The following data is to be repeated exactly, its pictures excluded.

Stored items from a collection
*-*-*

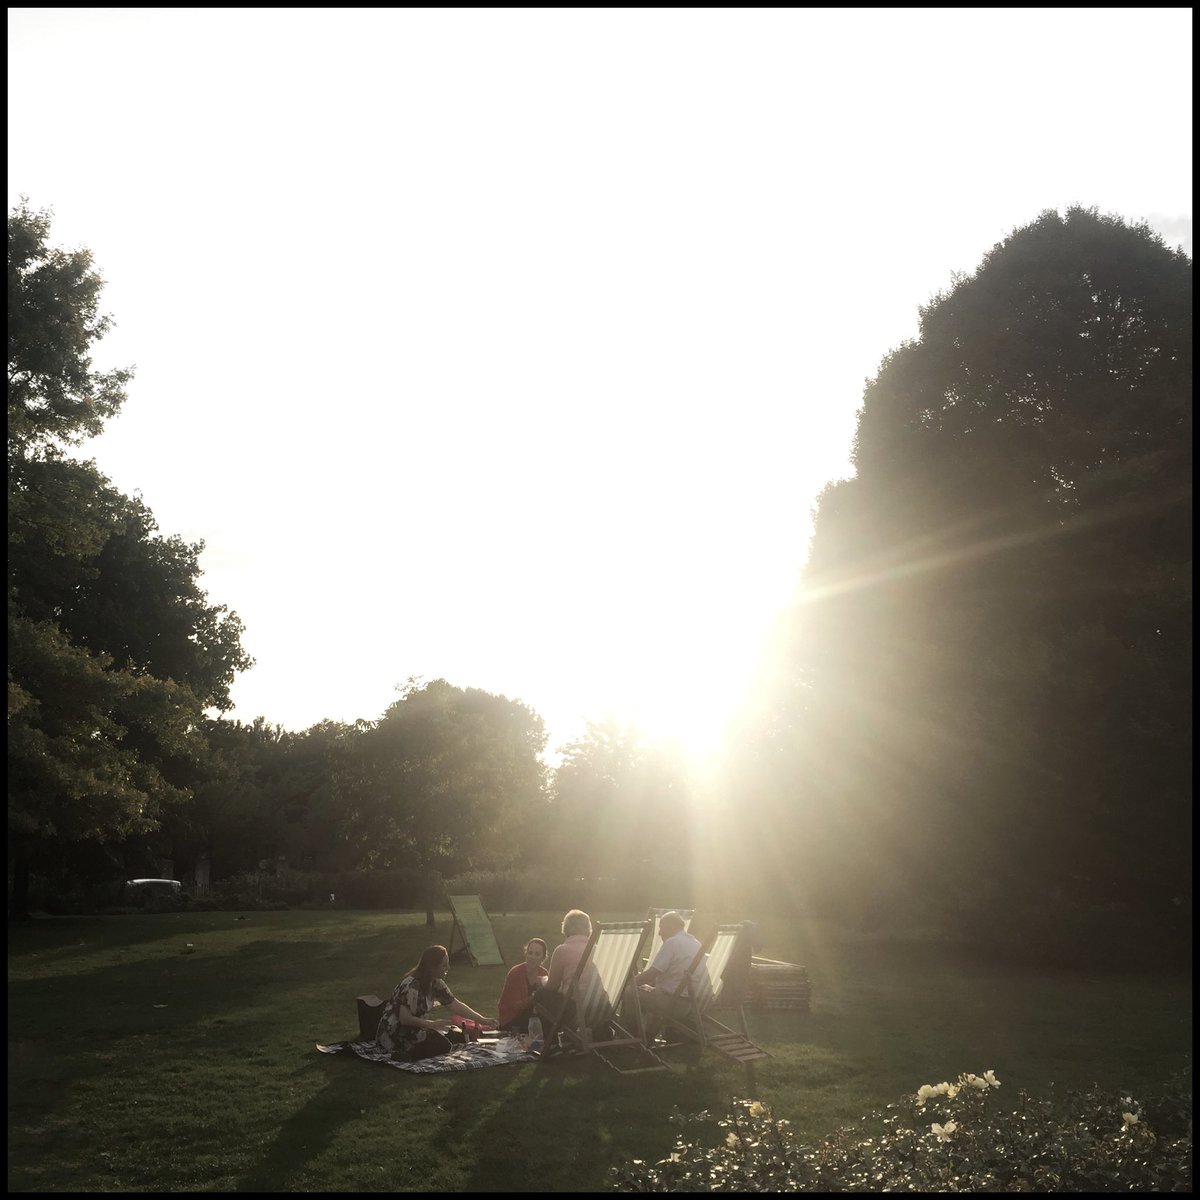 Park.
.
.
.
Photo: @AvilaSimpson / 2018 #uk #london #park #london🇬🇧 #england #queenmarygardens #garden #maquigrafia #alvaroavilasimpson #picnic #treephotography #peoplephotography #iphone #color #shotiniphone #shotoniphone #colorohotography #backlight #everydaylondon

*-*-*

= Written answer =
 Park.
.
.
.
Photo: @AvilaSimpson / 2018 #uk #london #park #london🇬🇧 #england #queenmarygardens #garden #maquigrafia #alvaroavilasimpson #picnic #treephotography #peoplephotography #iphone #color #shotiniphone #shotoniphone #colorohotography #backlight #everydaylondon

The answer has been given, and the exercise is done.